BEGIN

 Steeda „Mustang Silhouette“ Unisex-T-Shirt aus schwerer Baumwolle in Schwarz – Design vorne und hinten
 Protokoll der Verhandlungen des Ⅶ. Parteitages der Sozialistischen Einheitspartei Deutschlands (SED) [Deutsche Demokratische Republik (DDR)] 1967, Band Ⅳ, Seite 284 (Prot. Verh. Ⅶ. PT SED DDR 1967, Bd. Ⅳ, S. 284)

END
BEGIN

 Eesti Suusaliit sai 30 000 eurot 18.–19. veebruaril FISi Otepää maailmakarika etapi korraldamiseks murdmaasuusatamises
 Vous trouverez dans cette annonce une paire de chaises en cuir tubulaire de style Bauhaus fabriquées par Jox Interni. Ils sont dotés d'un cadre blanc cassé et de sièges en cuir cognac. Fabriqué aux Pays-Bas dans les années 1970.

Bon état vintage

END
BEGIN

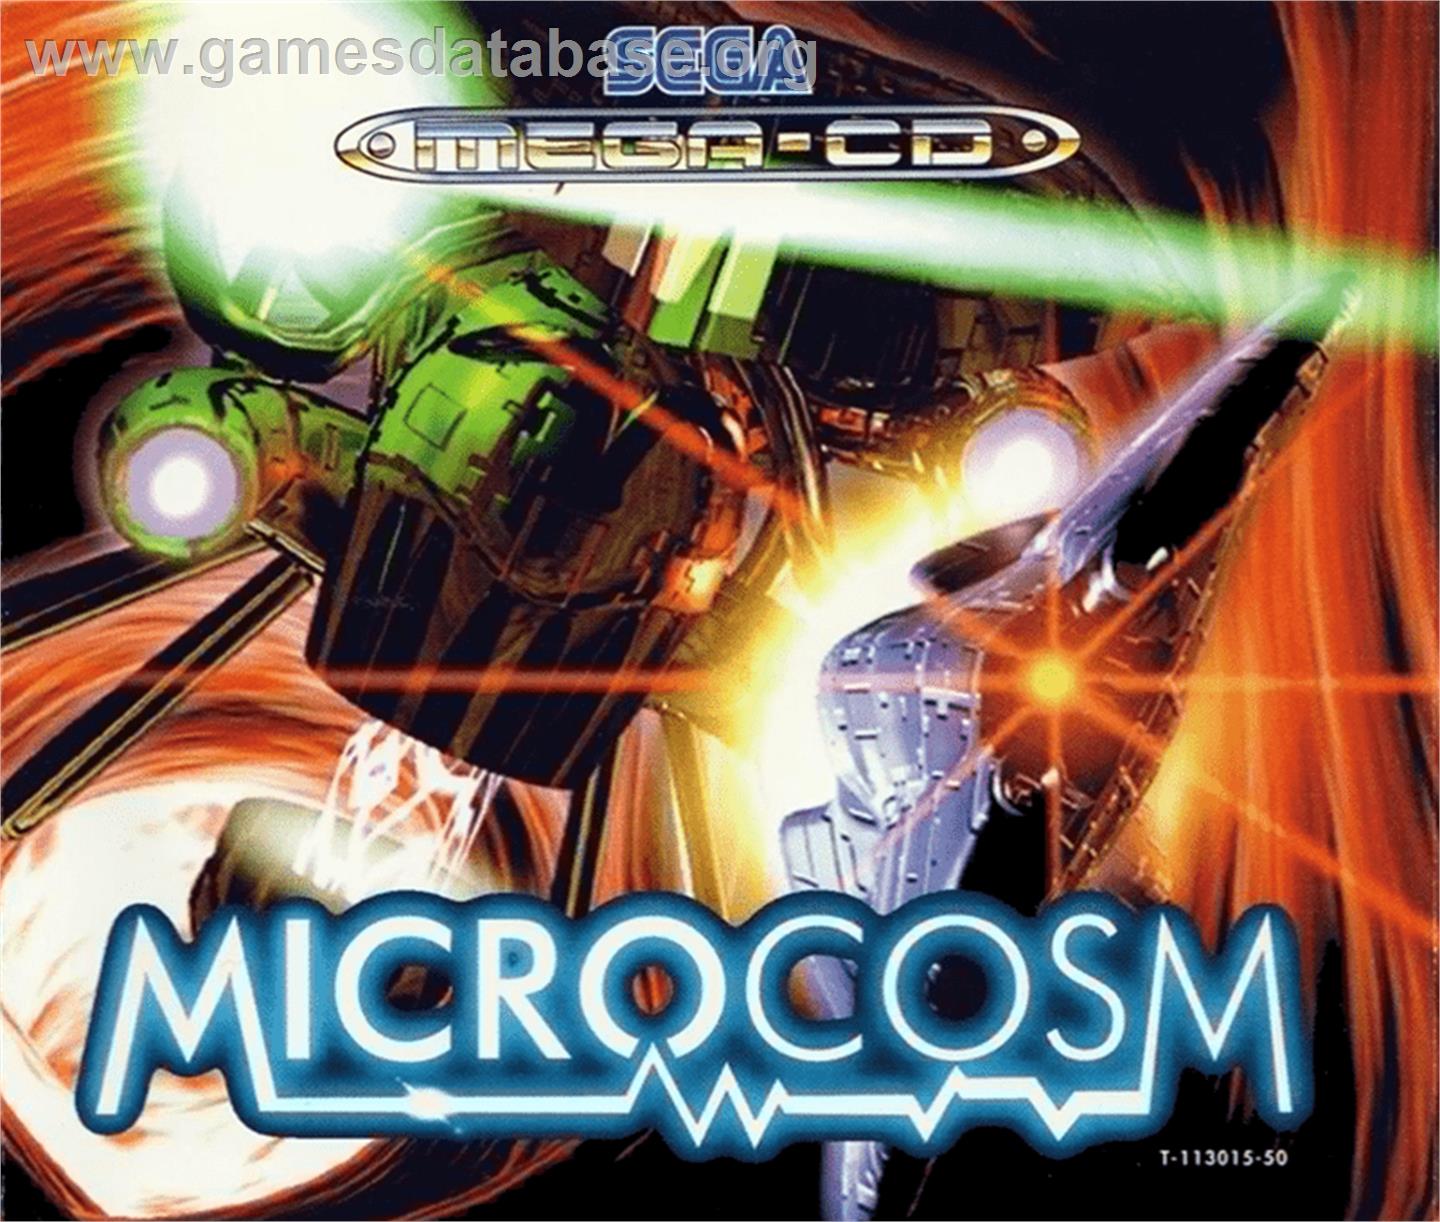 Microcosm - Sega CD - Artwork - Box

END

• **Exercise instructions**:
Given the data above, transcribe exactly the lines from the one containing "vorne und hinten" down to the one containing "Protokoll der Verhandlungen", and no others.

• **Answer section**:
 Steeda „Mustang Silhouette“ Unisex-T-Shirt aus schwerer Baumwolle in Schwarz – Design vorne und hinten
 Protokoll der Verhandlungen des Ⅶ. Parteitages der Sozialistischen Einheitspartei Deutschlands (SED) [Deutsche Demokratische Republik (DDR)] 1967, Band Ⅳ, Seite 284 (Prot. Verh. Ⅶ. PT SED DDR 1967, Bd. Ⅳ, S. 284)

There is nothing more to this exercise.